__Exercise__.
No pictures, please. Copy exactly the lines from the one with "Пижама со вставками" through the final line below.

__Data block__.
□ □ □ □ □ □ □
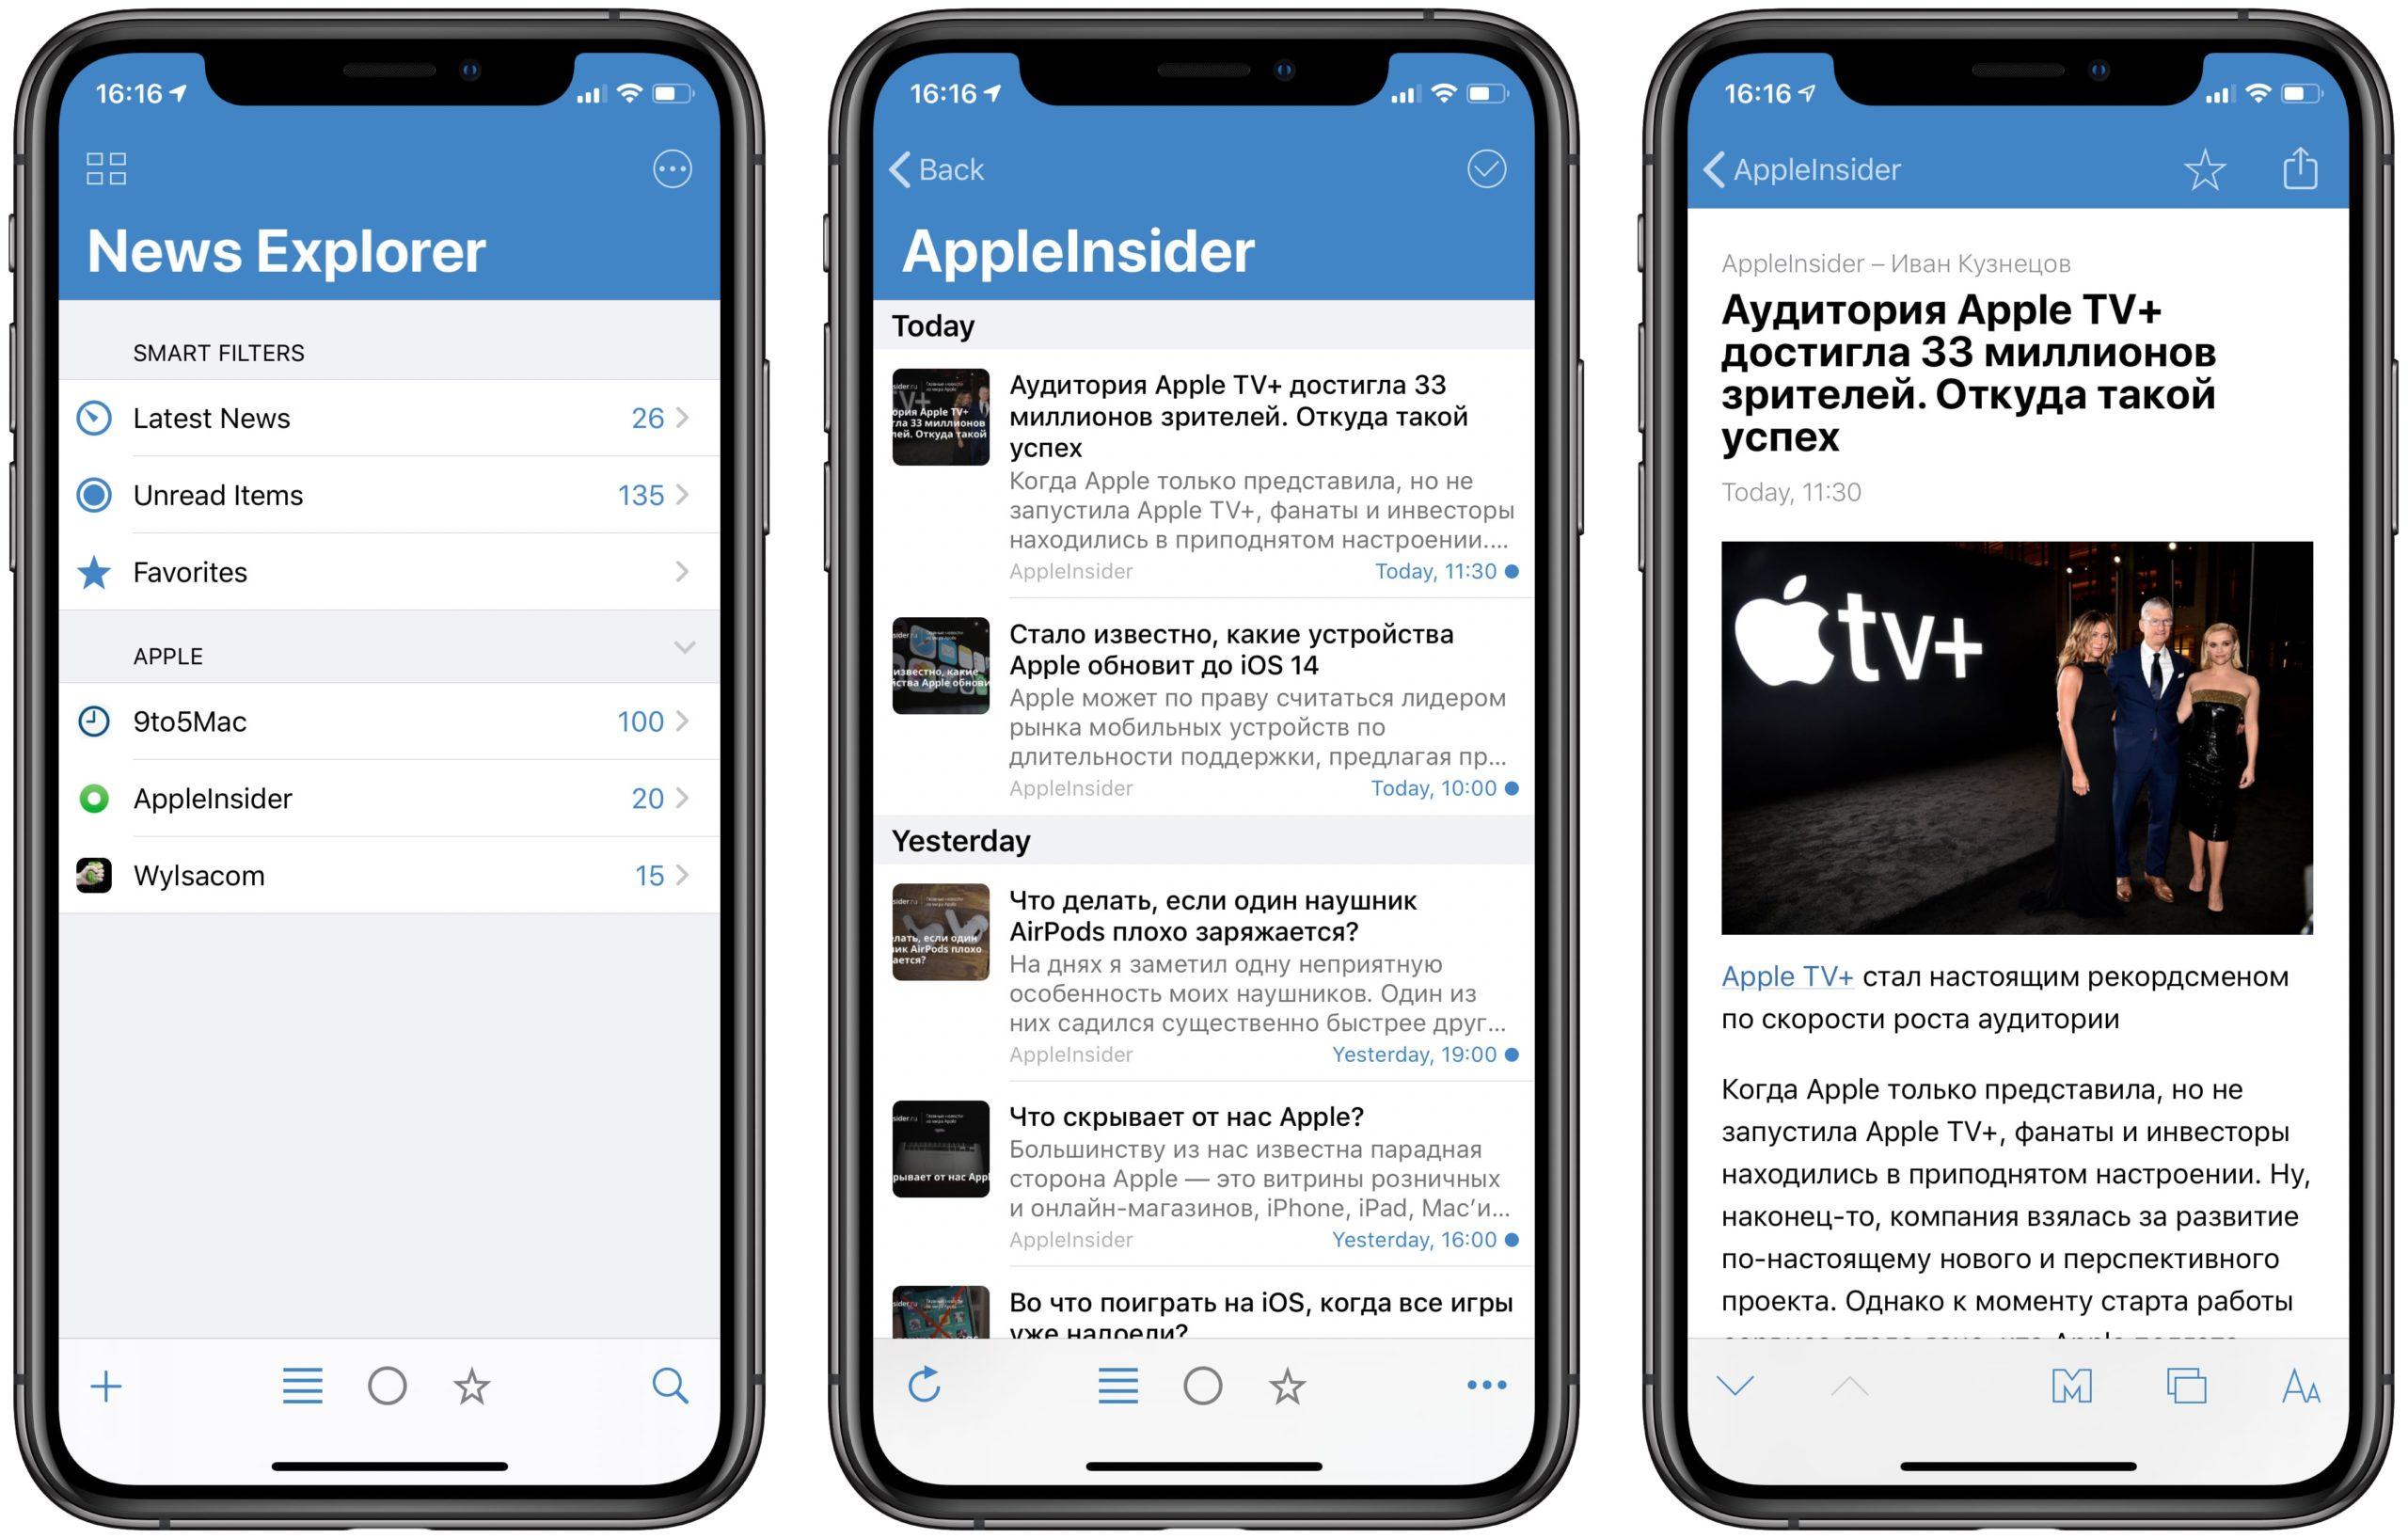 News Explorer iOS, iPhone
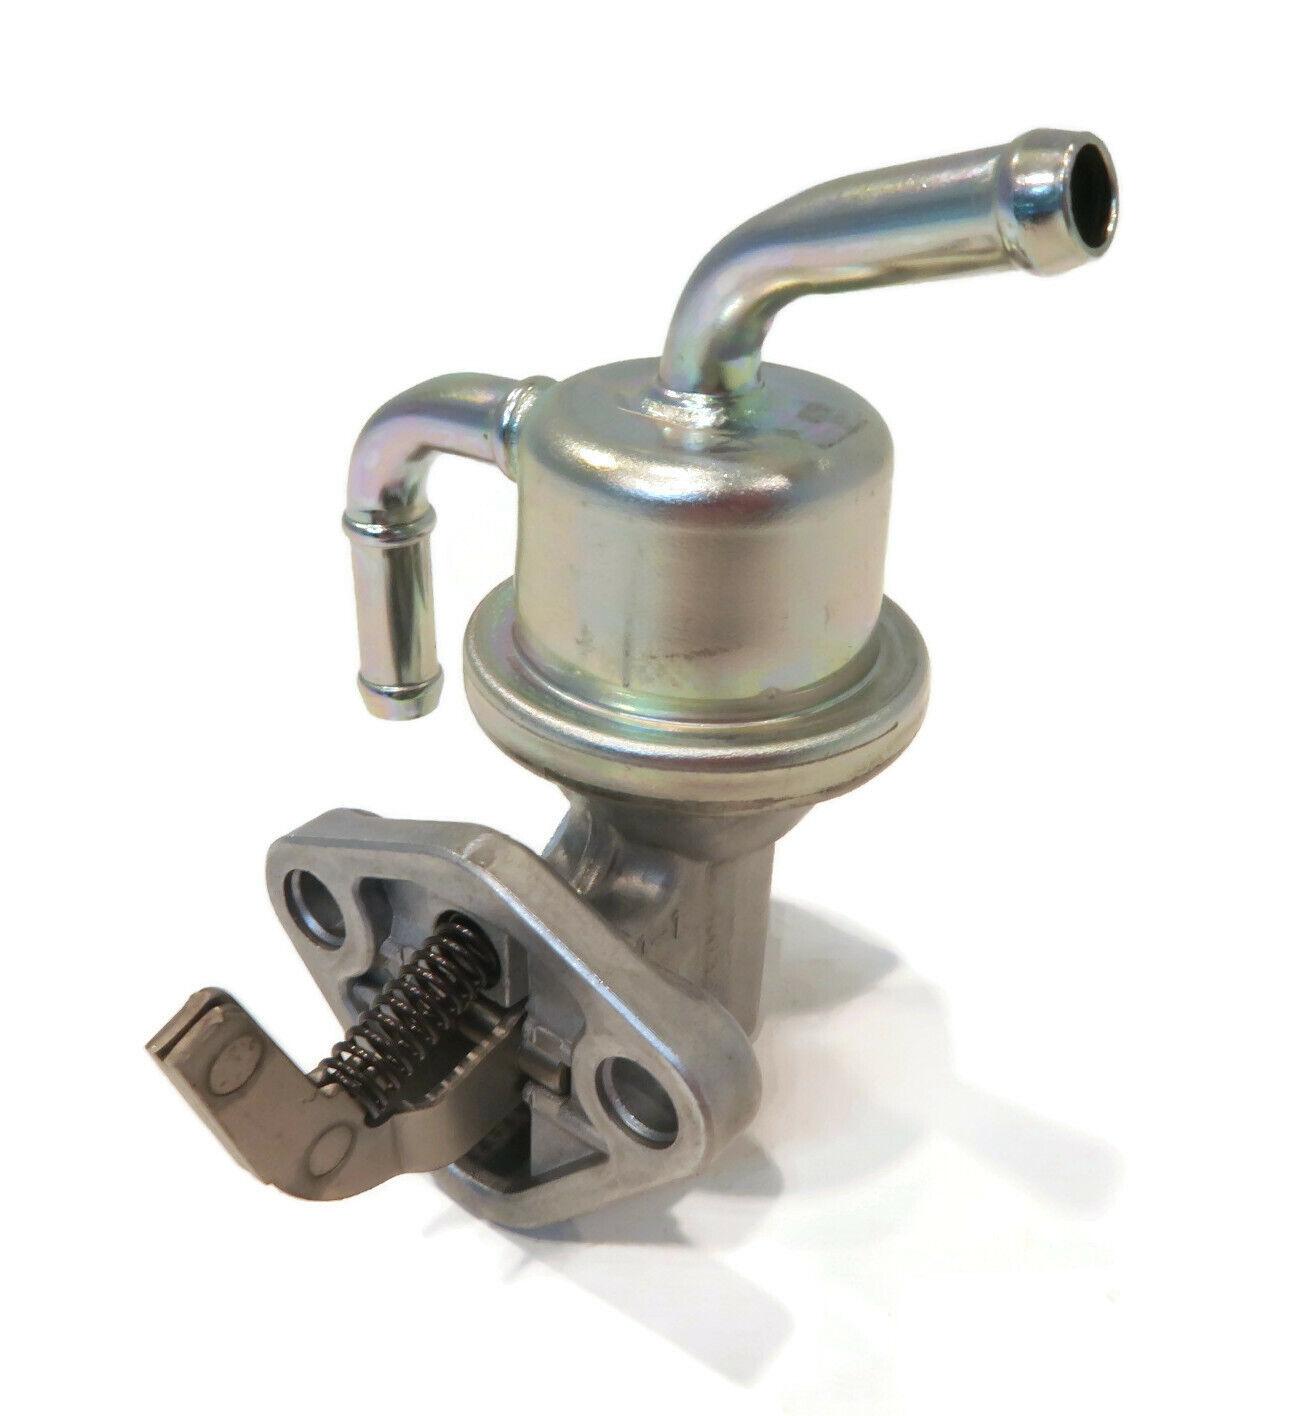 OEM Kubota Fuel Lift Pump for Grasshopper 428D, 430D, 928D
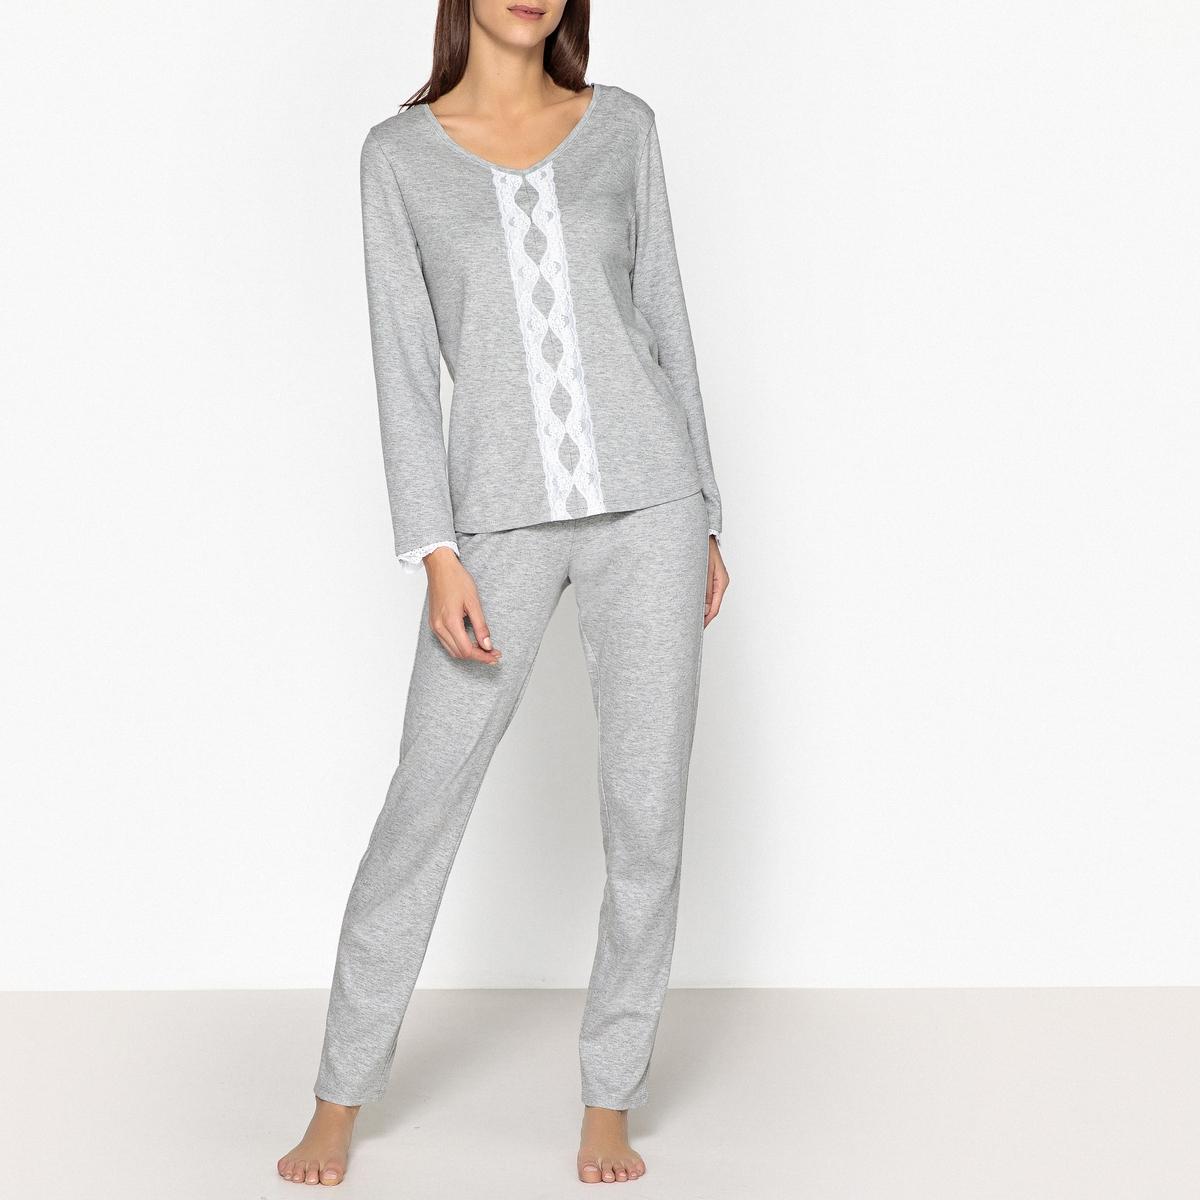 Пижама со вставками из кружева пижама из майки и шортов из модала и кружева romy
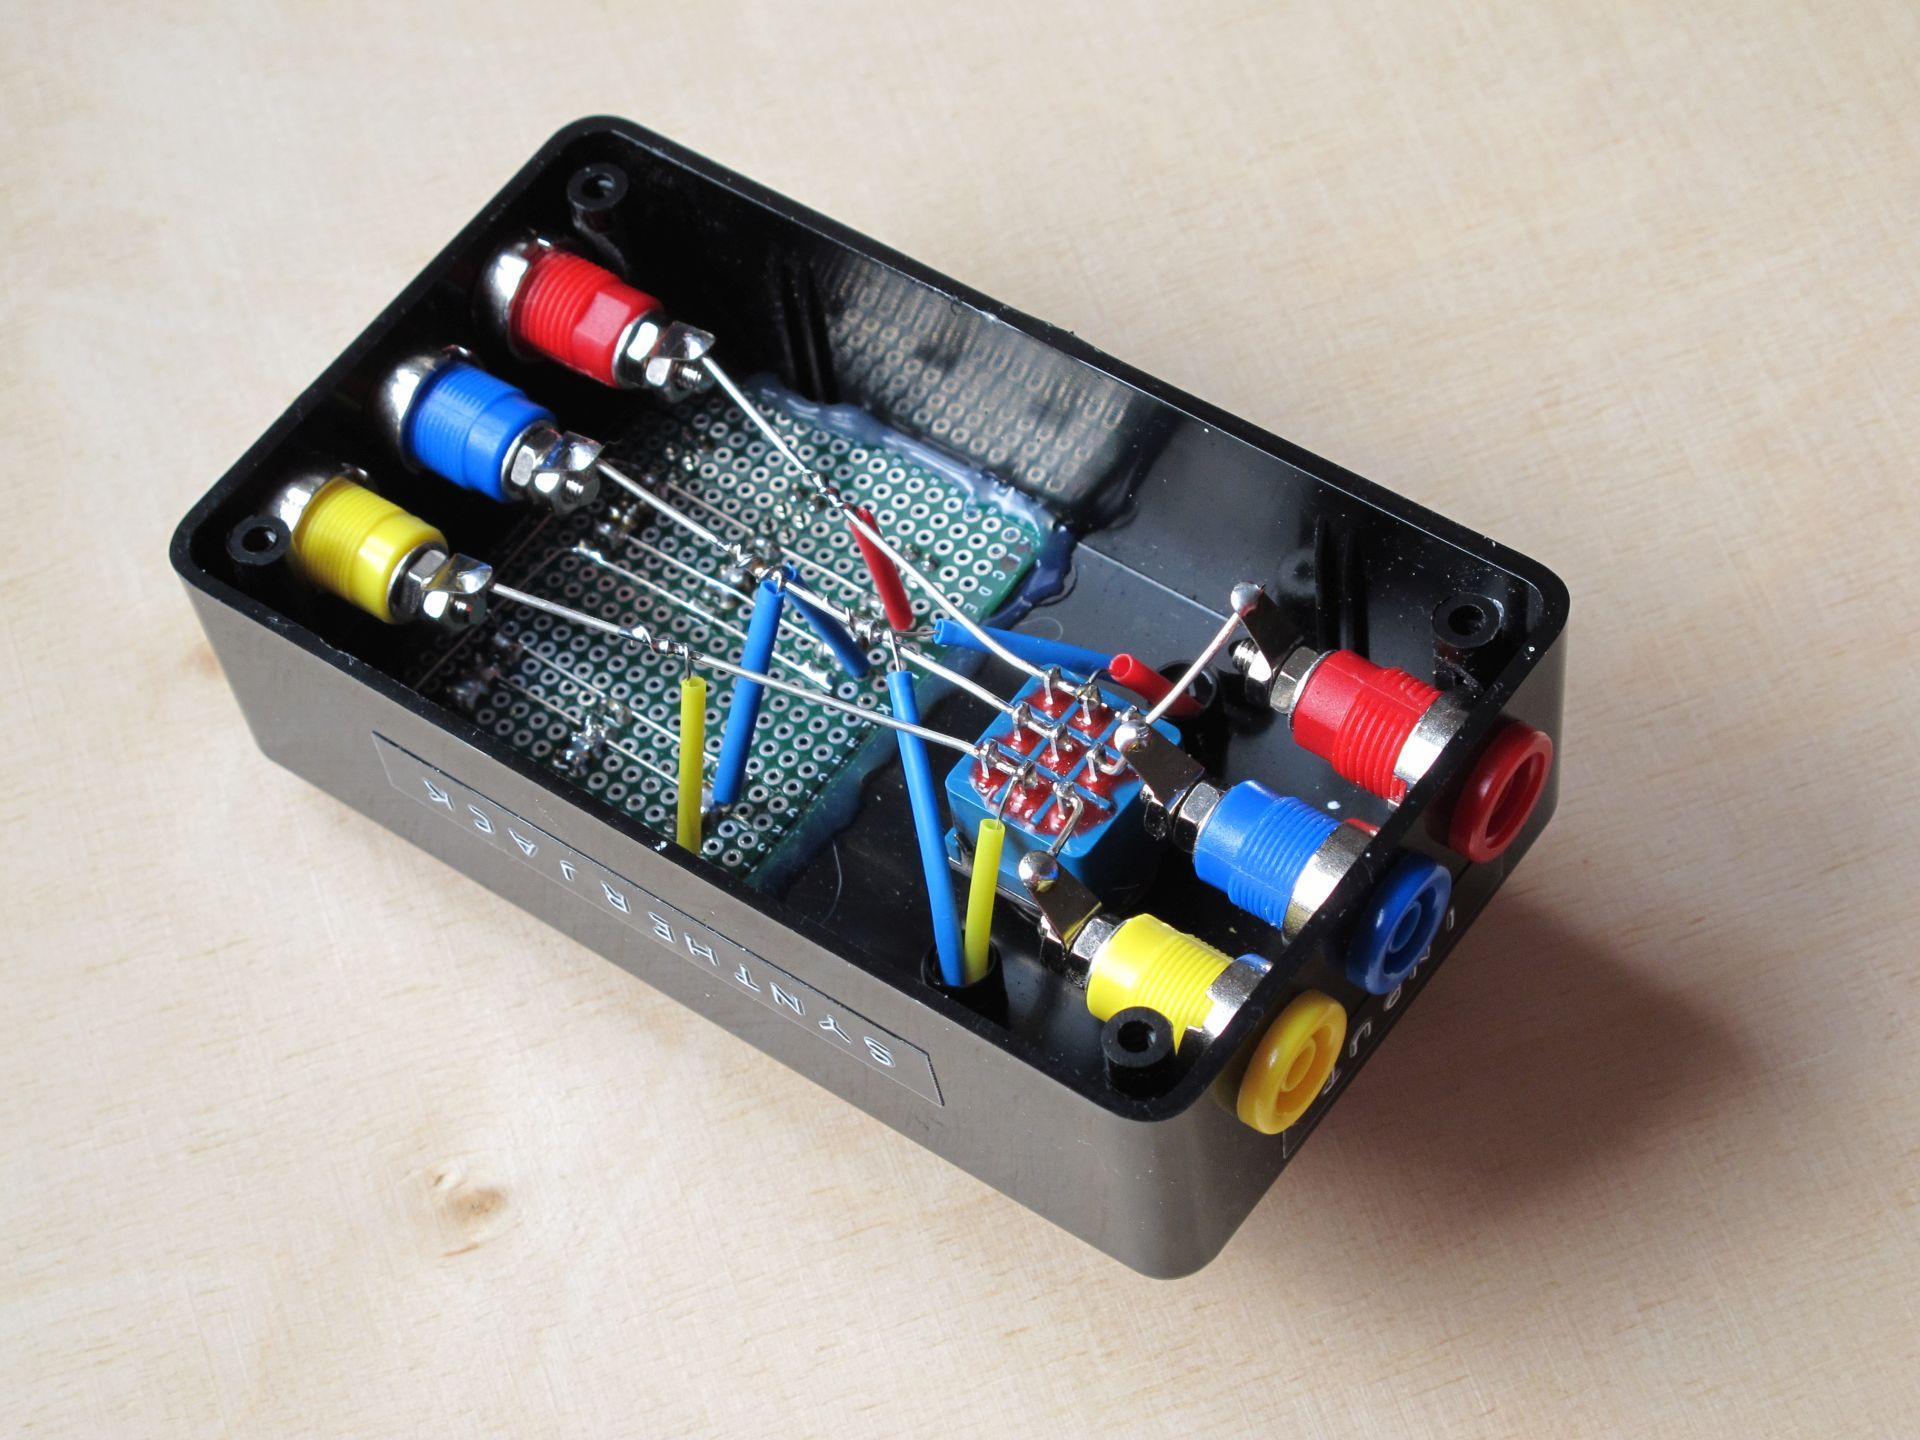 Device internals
□ □ □ □ □ □ □
__Expected answer__.
 Пижама со вставками из кружева пижама из майки и шортов из модала и кружева romy
 Device internals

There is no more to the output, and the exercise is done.